Watson 9000

I’ve been watching Jeopardy – The IBM Challenge for the last two evenings and the Nova documentary “Smartest Machine on Earth” the week before. What the folks at the IBM Watson team have pulled together is really quite impressive. Not only is Watson in the lead so far – and by a huge margin – it has also taken a giant leap forward for natural language processing in computers.

From the early days of the Eliza program by Joseph Weizenbaum it has always been a challenge for computers to recognize and process human language (click here for a JavaScript version of Eliza that you can interact with). While we’ve made remarkable progress in speech recognition in the past couple of years, the actual ability to understand and interpret language has eluded even the most sophisticated computer systems.

Humans just have a tendency to use colorful phrases, idioms, pop-culture references, and mix it all with humor in a way that is difficult to grasp for a machine. Nevertheless the Watson team seems to have made great strides in tackling these difficult problems.

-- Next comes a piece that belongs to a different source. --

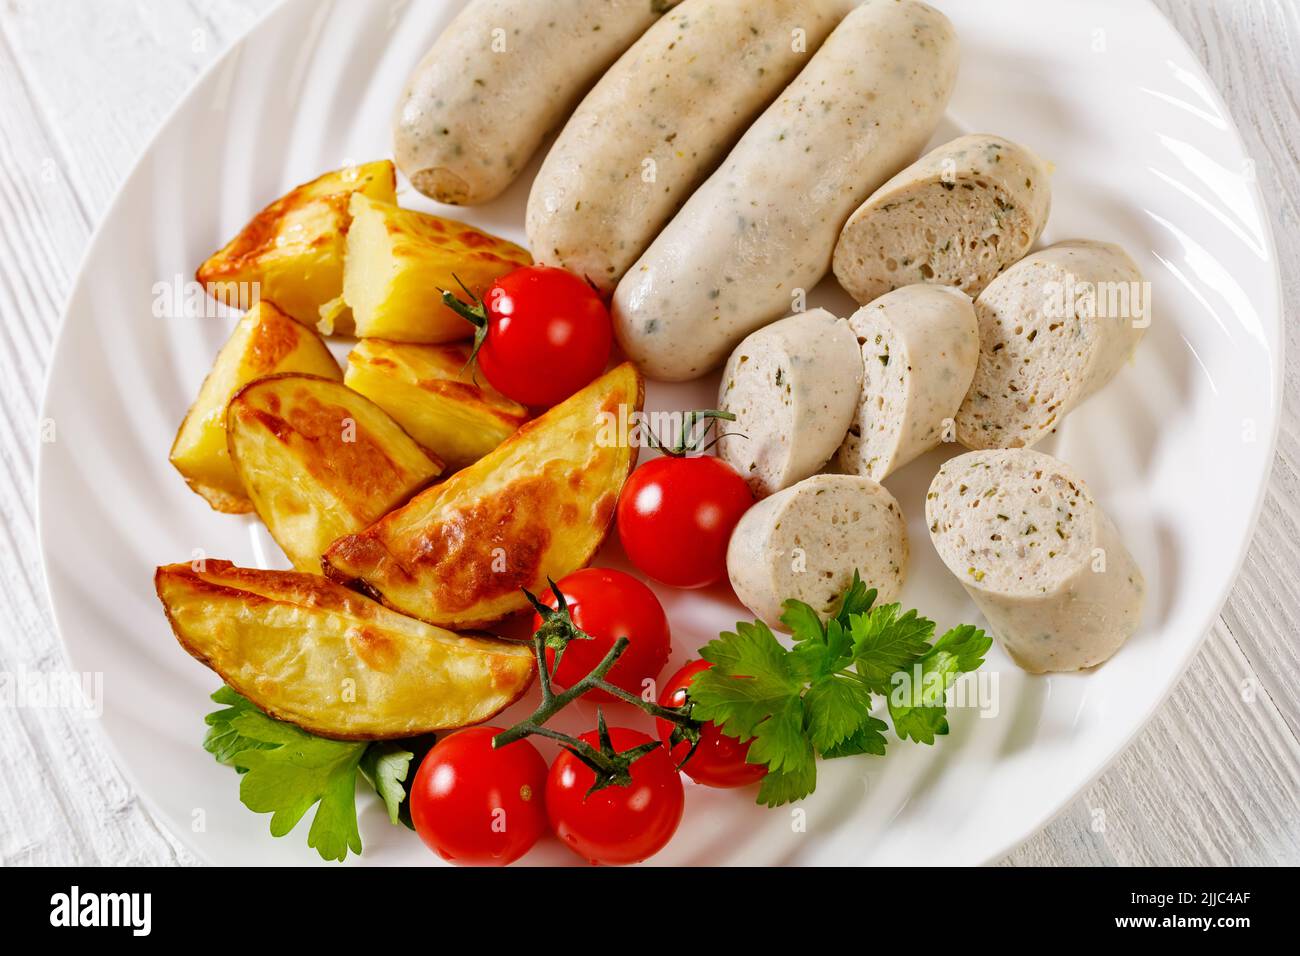 Weisswurst, bavarian white sausage of minced veal, pork back bacon, spices and parsley on white plate with roast potato, fresh tomatoes, horizontal vi Stock Photo

It was immediately obvious that Watson did best when the question was directly related to an encyclopedic fact, such as the various illnesses in the “Don’t worry about it” category tonight. But even with humorous categories like “Church & State”, Watson did fine. In fact, Watson didn’t just do fine tonight: he (it?) dominated this second day of the Jeopardy challenge finishing with a crazy lead of $36,881, to $5,400 for Rutter and $2,400 for Jennings before going into Final Jeopardy.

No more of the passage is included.